Seviliyorsunuz. Xoxo |
Yönetim Kadrosu |
|
|
| Uçup Geri Gelmek Bu Olsa Gerek | |
| | Yazar | Mesaj |
---|
Misafir Misafir
| Konu: Uçup Geri Gelmek Bu Olsa Gerek Perş. Tem. 15, 2010 1:03 pm | |
| Achille S. D'Artagnan & Ambrosia E. Bathory Kurtarılış falan Gece-Şafak Sökerken Arası /Nasıl bir zaman dilimiyse _
En son gördüğüm canlı kabustan sonra müthiş bir siyaha bürünmüştü herşey. Algılarım çok azalmıştı ama bir ara sarsıldığımı hissedebilmiştim. Bedenimi mi taşıyorlardı bir yere? Bilemiyorum. O karanlık tünelin sonunda aydınlık yoktu benim için, belki de haketmiyordum ve ruhum iki kapanın arasında kalmalıydı, tanrı öyle görmüş olamaz mıydı? Yıllar gibi geçen saniyeler ya da saniyeler gibi geçen yıllar. Zaman kavramı kalmamıştı benim için, tüm bedenim uyuşmuştu ve zihnimin nasıl düşünebildiğini ben de bilmiyordum. Kulaklarım! Kulaklarıma inatla dokunmaya çalışan sesler vardı ve elimde bir sıcaklık. Gözlerimi açıp manzaraya bakabilmek isterdim çünkü ne olduğunu anlamamıştım bile. Sahi, ölüyor muydum? Yoksa sadece o kabusun devamı mıydı bütün bunlar? Anlam karmaşası her yerdeyken amacım neydi benim? Bunun için mi doğmuştum? Annem mi lanetlemişti beni doğduğumda? Bilmiyorum, bilmiyorum.
Bir zamandan sonra çok büyük gürültüler vardı ama ben canlılığımı hissetmiyordum bile. Bembeyaz parlak ışıklar, tünelin öbür ucunda değildi ama. Bedenime dokunan eller mi vardı? AH! Bu da ne? Ölüyor olsam bile bu acı çok fazla, ne var midemde? Yanıyor daha sonra da buz gibi üşüyordu.

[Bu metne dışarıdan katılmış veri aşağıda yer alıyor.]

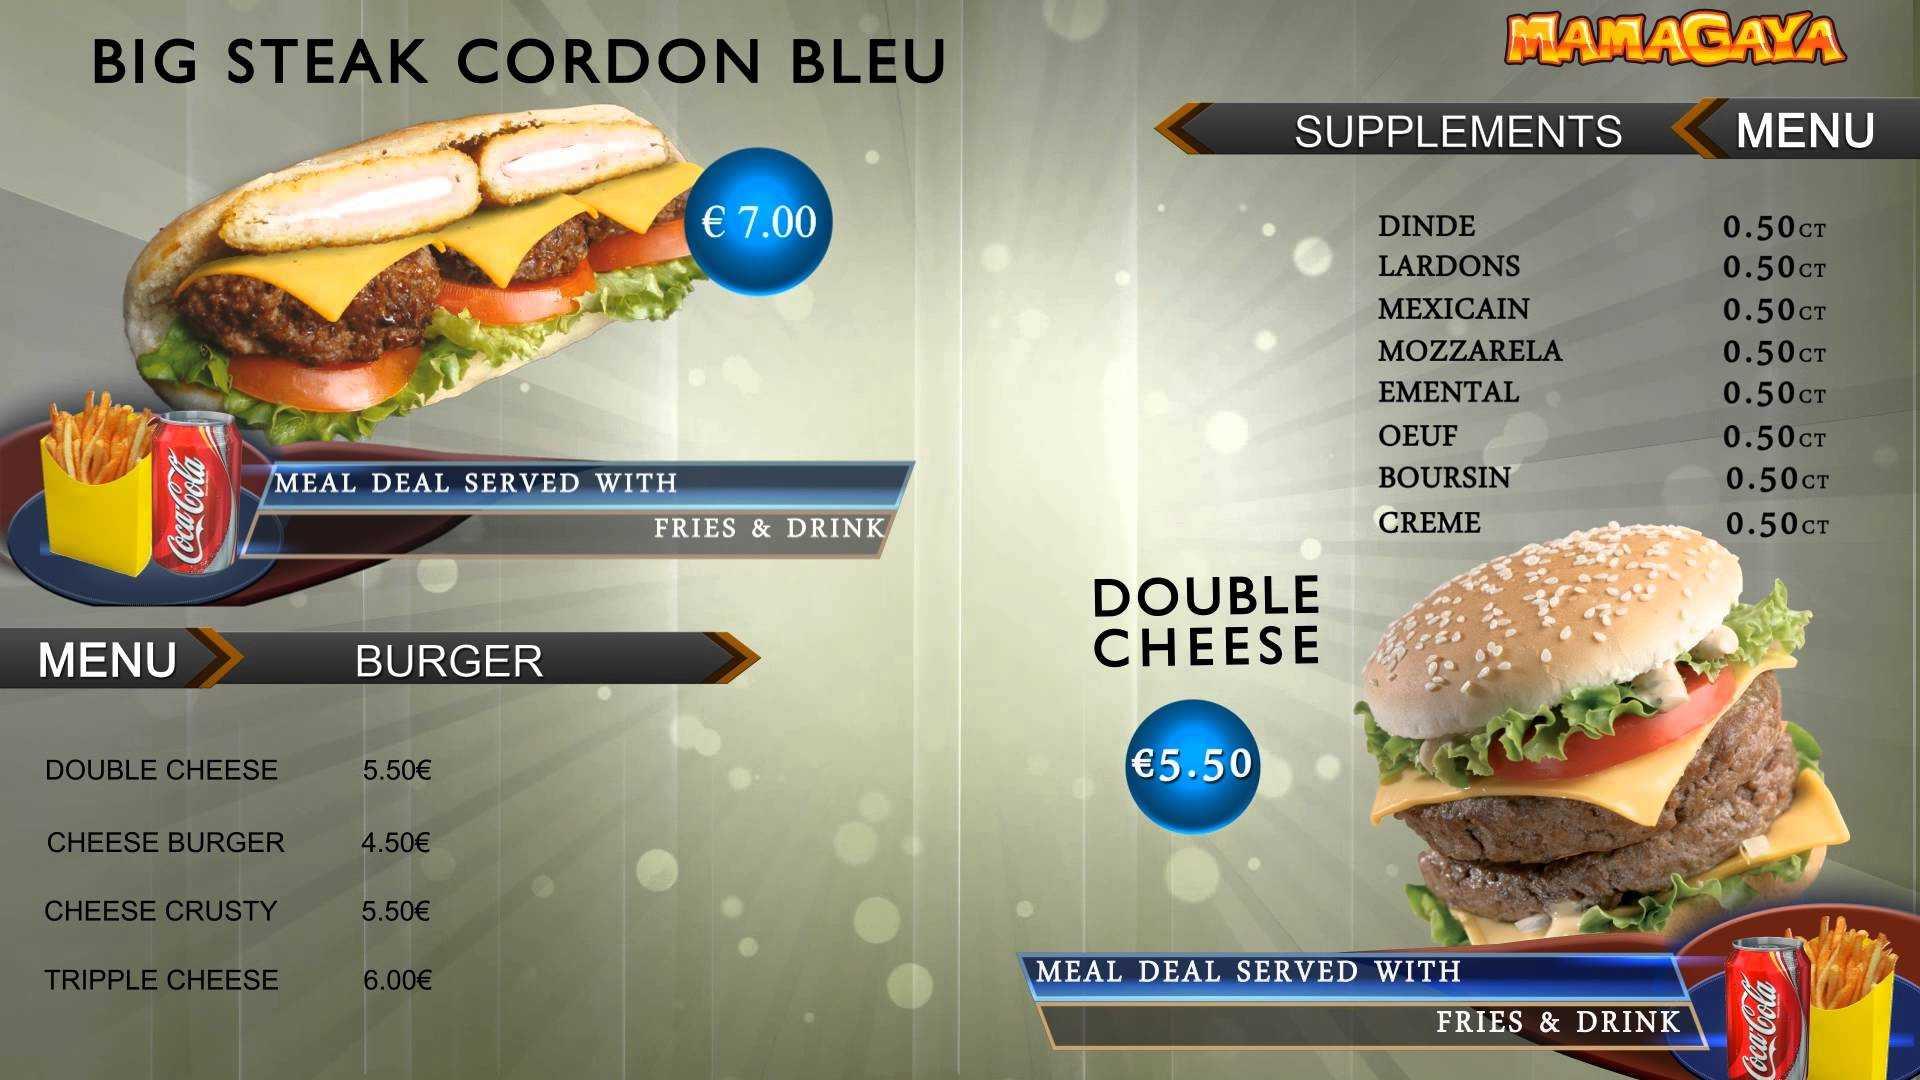 Digital Signage Video Template Restaurant Menu – Top2D3D Studios Regarding Digital Menu Templates Free

Hislerim çok hafif geri gelirken gözlerim çok hafif aralıktı, sanki unutmuşlar gibiydi, göz tabakamda görmemi engelleyen birşey vardı. Gözyaşı olmalıydı sanki. Tam tepemde gözlerimi alan müthiş bir beyaz ışıkla dudaklarımın üzerine kapadıkları birşey bilincimi yine kapamıştı çünkü çıldırıp kaçmamdan korkuyorlarcasına bakmışlardı. Acısız olması gereken şey benim için çok acılıydı ve öğrendiğim tek şey kurtarıldığımdı.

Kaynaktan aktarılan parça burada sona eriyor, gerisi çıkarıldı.